Dear Rupert,
What is the definition of direct experience? How can I be certain that direct experience is the only criterion for investigation?
You stated in one of your early answers, ‘Yes, you are on the right track, but just for clarity, I would say that the mind is made out of thinking and imagining, the body is made out of sensing and the world is made out of perceiving. Thinking, sensing and perceiving could simply be called “experiencing”.’
Using this definition of experiencing, it would mean that I should just use that which is directly available to me: mind (thinking and imagining), body (sensing and perceiving) and world (perceiving) in the investigation of reality.’ If that is correct, then there is nothing outside of that that I could use to investigate reality. Am I close?
I believe it is axiomatic that present, direct experience is the foundation for direct-path teachings. Everything builds upon what can be directly experienced now, without reference to past or memory. This is based on the fact that there can be nothing outside our experience or, better put, that there is nothing outside our experience that could be experienced.
But couldn’t this approach miss things? Couldn’t there be a reality that is outside of the investigative parameters direct experience puts down? Say I’m working though perceptions, sensations and feelings in the now. Then I have an epiphany. Would this epiphany fall outside of the axiom’s rule-boundaries and therefore be precluded from being a part of the investigation? Or would it be called a part of something that is directly experienced and subject to investigation?
Thanks kindly,
Jerry
Dear Jerry,
All experience is direct, so the question could be reformulated as ‘What is experience?’ At first glance, experience seems to consist of the mind, body and world, that is, it seems to be made out of mind and matter.

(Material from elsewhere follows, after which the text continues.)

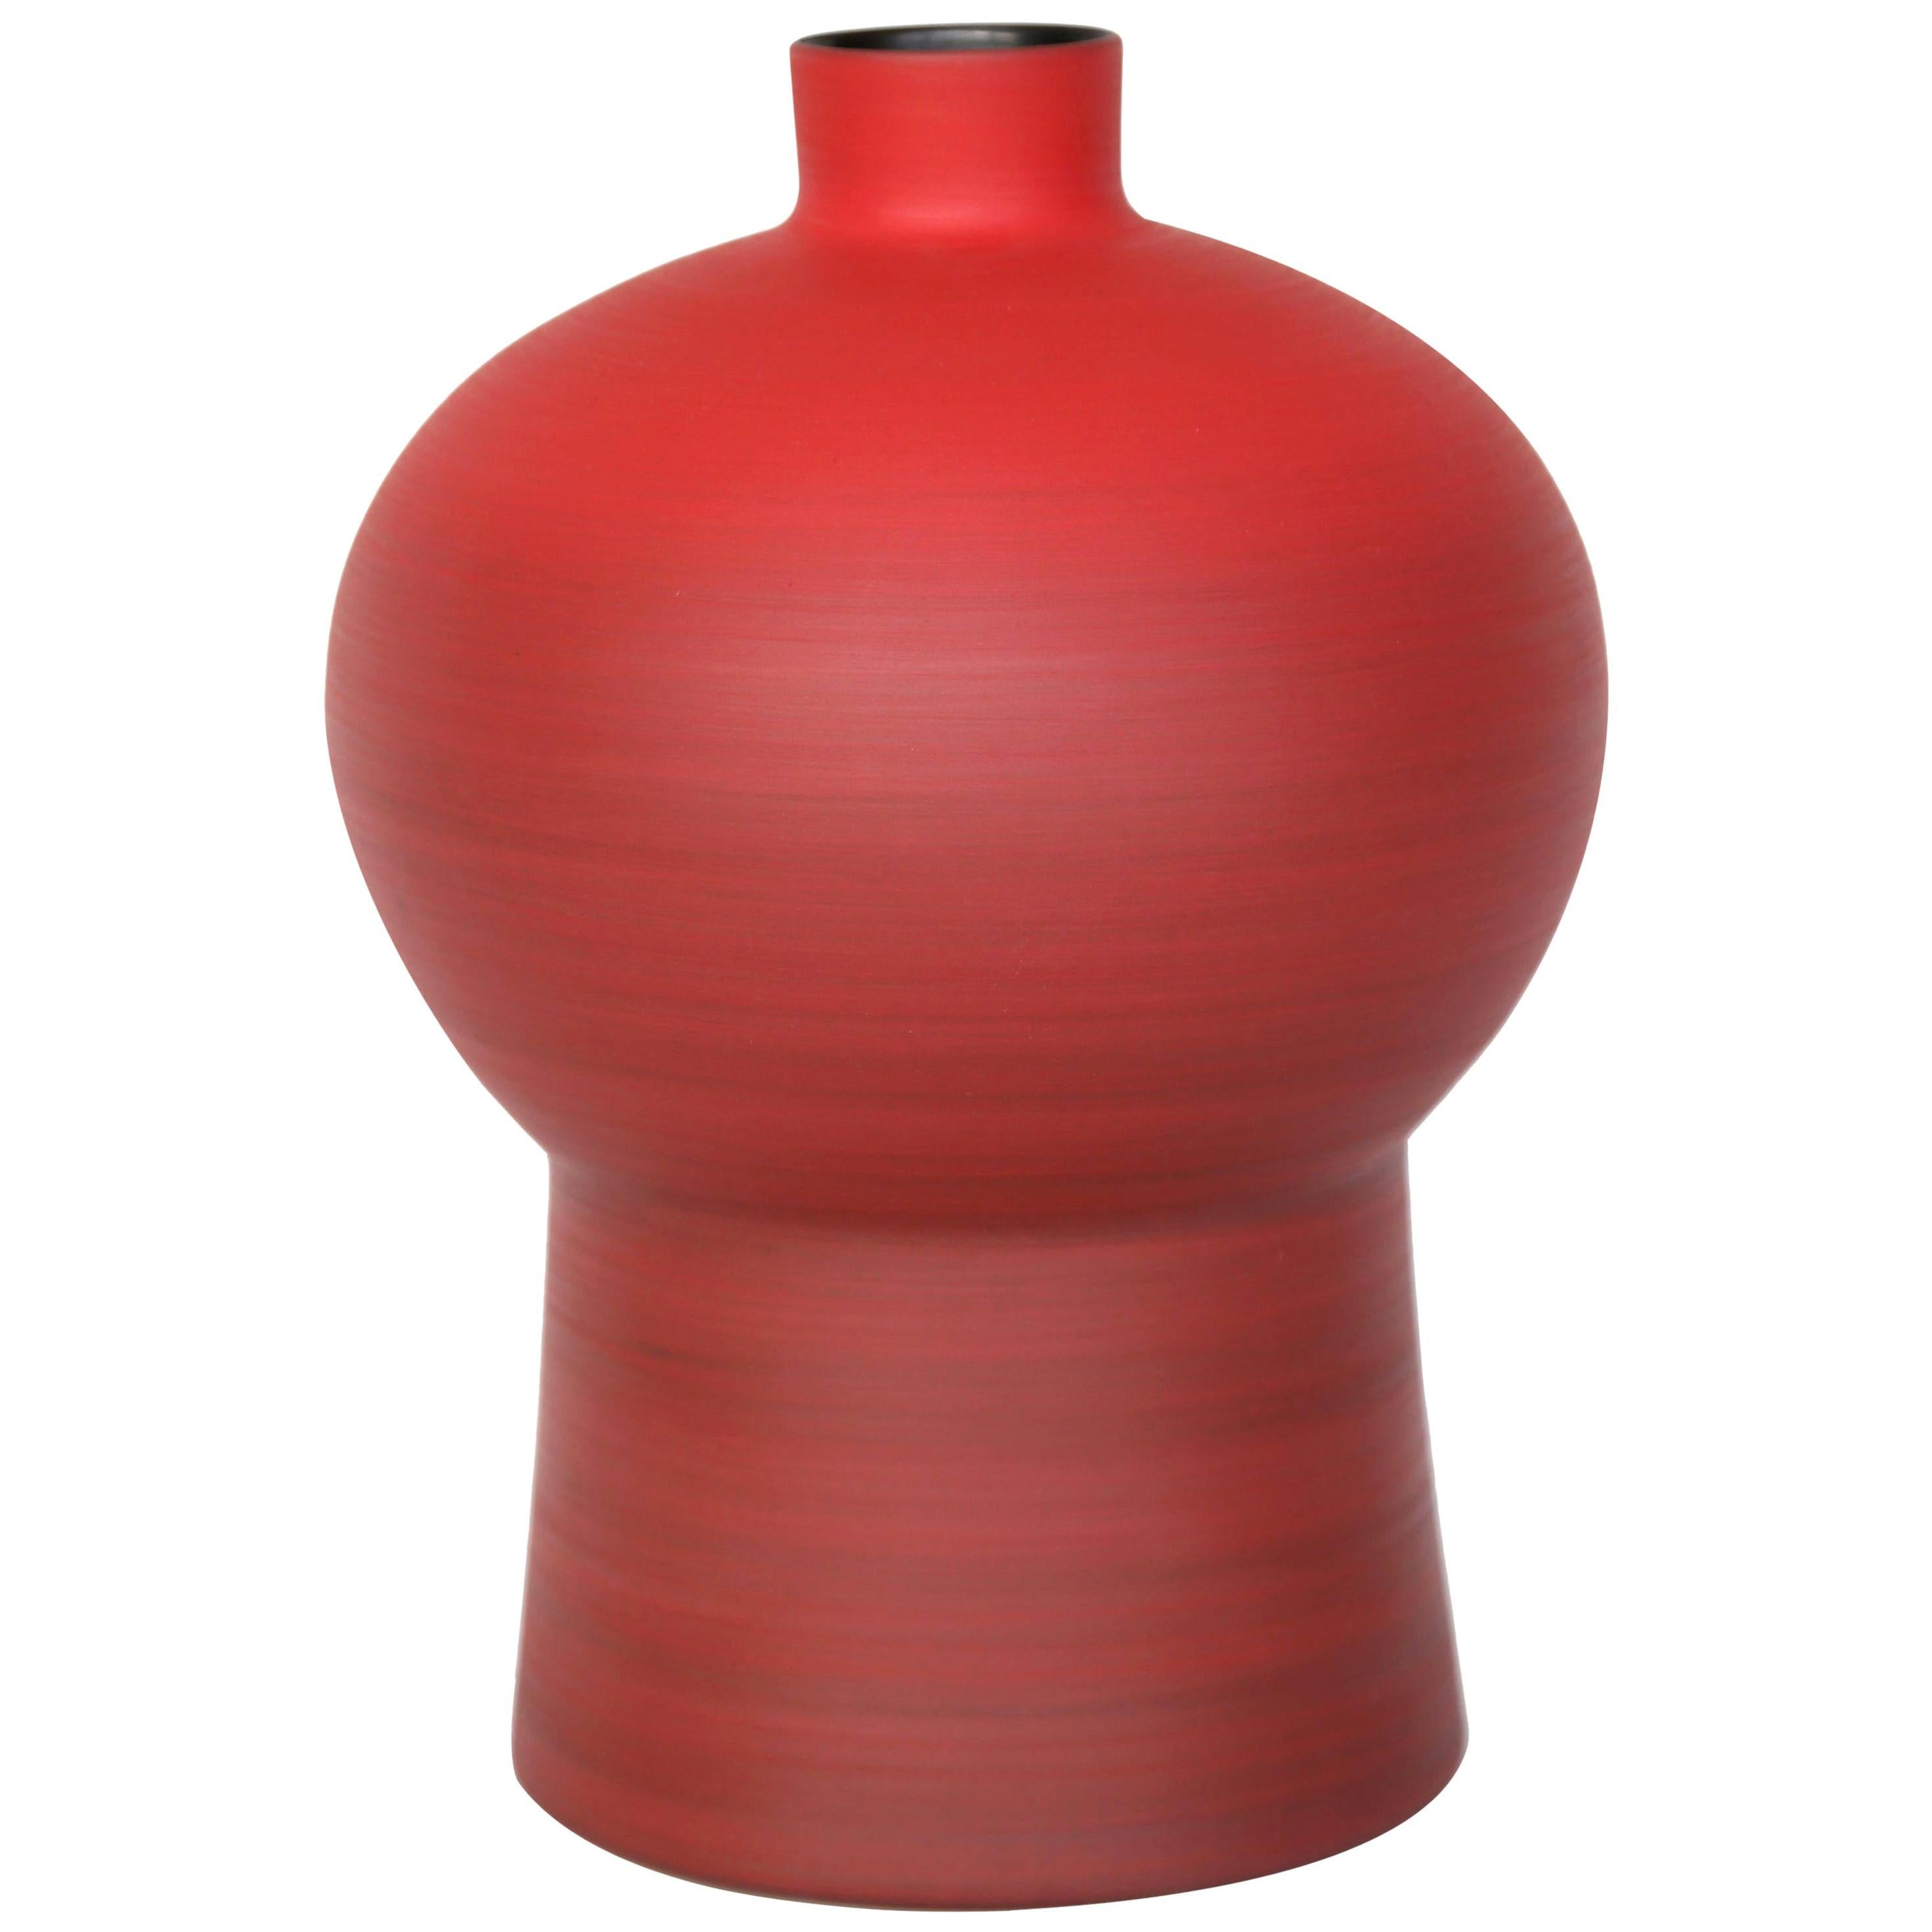 Rina Menardi Handmade Ceramic Royal Queen Red Vase For Sale

On looking more carefully we find that it is, in fact, only made of mind – that the mind, body and world are only thinking, sensing and perceiving. On looking again more closely we find that the only substance present in thinking, sensing and perceiving is consciousness. And finally, looking more closely again, we simply find consciousness, that is, consciousness finds itself, the knowing of its own being, alone.
At this point we may look back, as it were, and see that experience is, in fact, always only consciousness knowing itself. There is nothing other than that. Direct experience is the only criterion for investigation simply because there is nothing outside experience which could either explore or be explored.
Jerry:You stated in one of your early answers, ‘Yes, you are on the right track, but just for clarity, I would say that the mind is made out of thinking and imagining, the body is made out of sensing and the world is made out of perceiving. Thinking, sensing and perceiving could simply be called “experiencing”.’
Using this definition of experiencing, it would mean that I should just use that which is directly available to me: mind (thinking and imagining), body (sensing and perceiving) and world (perceiving) in the investigation of reality.’ If that is correct, then there is nothing outside of that that I could use to investigate reality. Am I close?
Rupert:Yes, but you are leaving consciousness out of the picture. The mind can only explore an object, that is, thoughts, sensations or perceptions, or, more accurately, thinking, sensing and perceiving. However, sooner or later the mind discovers that it has itself constructed the apparent reality that it is exploring.
In other words, the mind is looking for the substance of the apparent world and finds that it is itself that substance. The mind is looking for the substance of all seeming things only to find that ‘seeming things’ only exist in its own imagination. At this point there is a sort of spontaneous and natural ‘standing back’. We are thrown back, as it were, into our true nature.
Of course, it would be more accurate to say that we suddenly find our self standing ‘there’, in timeless, spaceless presence, and realise, at the same time, that we have always only ever been standing as that. At this point our approach becomes contemplative rather than investigative. We simply abide as that.